To study the effects of JDP2 on the expression of C/EBPs in further detail, we performed chromatin immunoprecipitation (ChIP) assays using lysates of Jdp2−/− MEFs and WT MEFs, with or without induction of adipogenesis, and found that JDP2 was recruited to the C/EBPδ and C/EBPβ genes but not to the C/EBPα gene (Figure 6a). Since repression of expression of C/EBPδ was more significant than that of C/EBPβ (Figure 5c and d) in the presence of JDP2, it seemed likely that the C/EBPδ gene might be a target of JDP2. To confirm our results, we cloned a DNA fragment that corresponded to nucleotides (nts) −224 to +35 from the site of initiation of transcription of the mouse C/EBPδ gene by genomic PCR. The results of a transactivation assay with a promoter–luciferase construct revealed that the cloned fragment of the C/EBPδ promoter was sufficient for activation of transcription in response to inducers of adipogenesis, and that such activation was abolished in the presence of JDP2 (Figure 6b). Gel shift analysis using several oligodeoxynucleotide probes that corresponded to the C/EBPδ promoter and purified histidine-tagged recombinant JDP2 revealed that the cloned fragment of the C/EBPδ promoter included two AP-1-like JDP2-binding sites (data not shown). We engineered single- and double-substitution mutations at these AP-1-like sites in the C/EBPδ promoter. Subsequent gel shift assays demonstrated that JDP2 could bind to the promoter of the C/EBPδ gene with a single mutation at an AP-1-like site (either C/EBPδ-MW or C/EBPδ-WM), but it failed to bind to the doubly mutated site (C/EBPδ-MM) (Figure 6c). Moreover, when we used the WT promoter (C/EBPδ-WW), we detected two appropriately shifted bands on the gel.

Figure 6
figure 6

JDP2 negatively regulates expression of the C/EBPδ gene. (a) ChIP assays with JDP2-specific antibodies of lysates of Jdp2−/− and wild-type (WT) MEFs with or without exposure to adipogenic stimuli. DNA fragments of the C/EBPα, C/EBPβ and C/EBPδ genes were detected by PCR. The positions of primers are indicated by arrows in the schematic structure of each promoter.
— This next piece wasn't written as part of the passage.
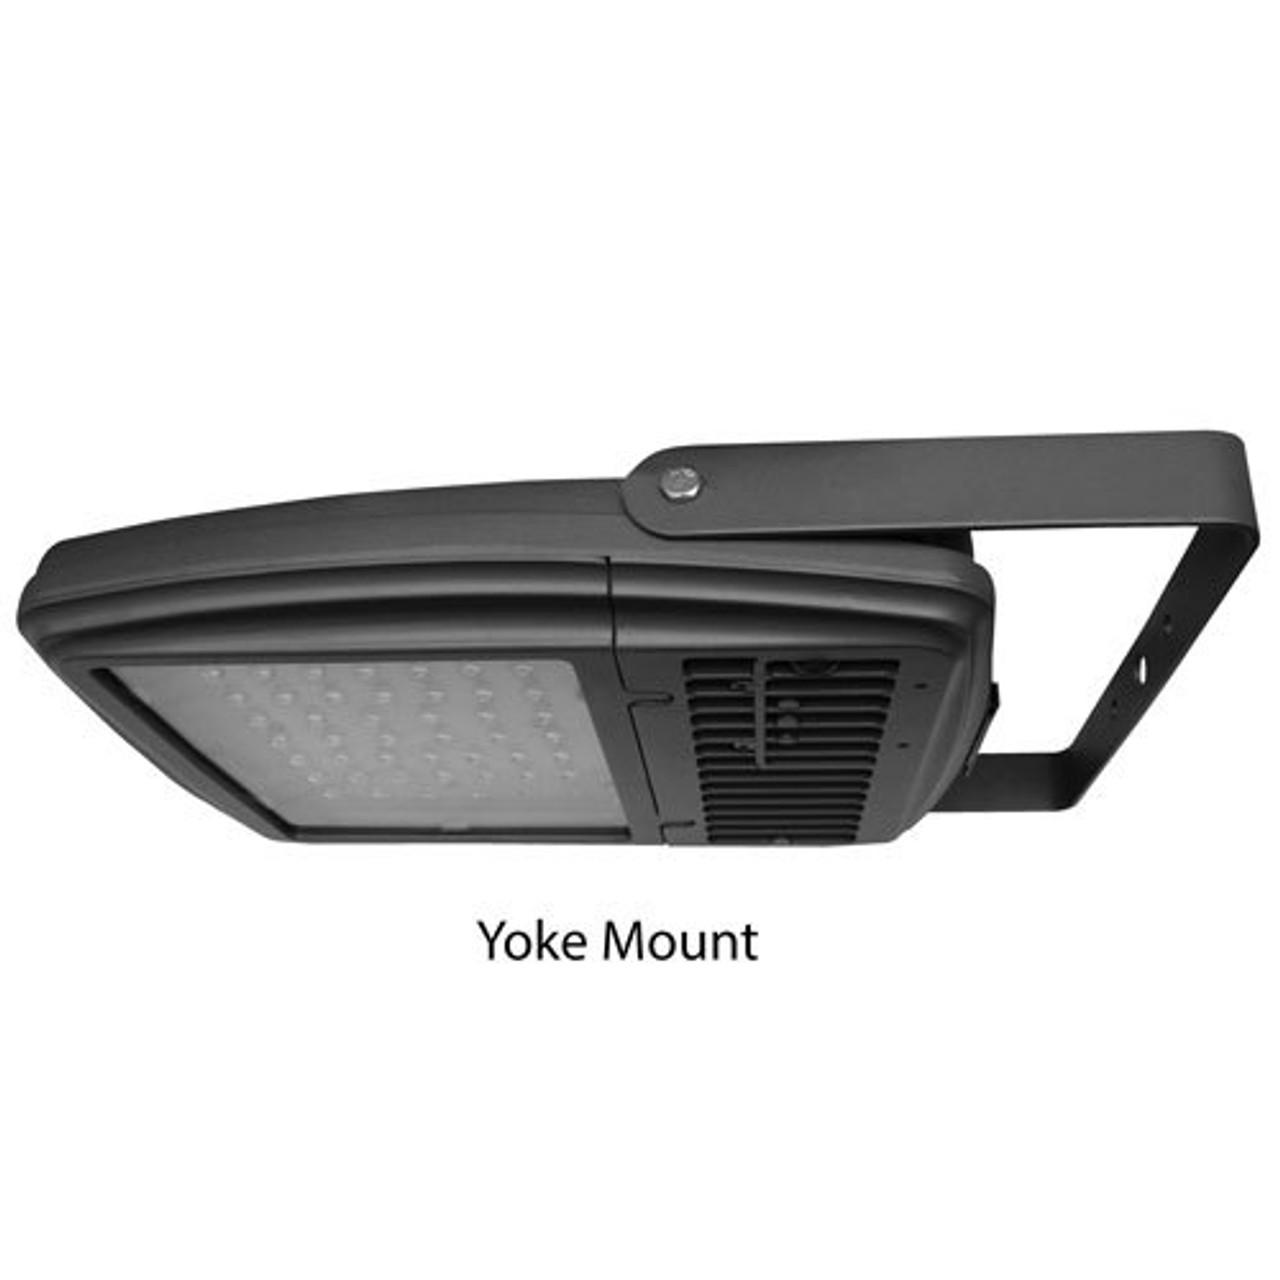 112 Watt Amber LED Floodlight Light With Yoke Mount

The black and white boxes represent CRE35 and JDP2-binding sites,36 respectively. (b) Transactivation assay. The C/EBPδ promoter–luciferase construct was introduced into the Jdp2−/− MEFs with or without the JDP2 expression vector. Cells were exposed to adipogenic stimuli for 12 h. Then promoter activities were examined by the luciferase assay. (c) Gel shift assays using purified recombinant JDP2 and the C/EBPδ promoter probe (nucleotides (nts) −224 to +35) with or without mutations in JDP2-binding sites (white boxes). (d) ChIP assays with JDP2-specific antibodies (α-JDP2). Jdp2−/− MEFs were transfected with a pGL3-tagged WT or mutant C/EBPδ promoter fragment and the JDP2 expression vector. The mutants are depicted schematically in (c). The arrows indicate the positions of primers used for the PCR. Precipitated DNA fragments were detected by PCR with primers specific for the exogenous and endogenous (ChIP control) C/EBPδ promoter. (e, f and h) ChIP assays with antibodies against (e) acetyl H3, (f) HDAC3 and (h) p300 and the same cell extracts as those in the experiment for which results are shown in (a). The fragments of C/EBPδ (e, f and h), C/EBPβ and GPDH (e and f) genes were detected by real-time PCR. The relative levels were normalized by reference to the input DNA. (g) Co-immunoprecipitation of the complex of HDAC3 and JDP2. Cos-1 cells were transfected with the expression vector(s) for HDAC3 or for HDAC3 and JDP2. Cell lysates were subjected to immunoprecipitation (IP) with JDP2-specific antibodies and analyzed by Western blotting with HDAC3-specific or JDP2-specific antibodies, respectively

To show that JDP2 was also unable to bind to the doubly mutated C/EBPδ promoter in vivo, we transfected Jdp2−/− MEFs with wild-type (WW), single-mutant (MW or WM) or double-mutant (MM) forms of the C/EBPδ promoter. Cells were stimulated in differentiation medium and then we performed ChIP assays using antibodies against JDP2. To distinguish the activity of the reporter plasmid from that of the endogenous promoter we used a DNA fragment that corresponded to part of the pGL3 plasmid in these assays. Our results showed that JDP2 was recruited to the WT and the singly mutated AP-1-like site in the C/EBPδ promoter but not to the doubly mutated promoter, as we had expected (Figure 6d).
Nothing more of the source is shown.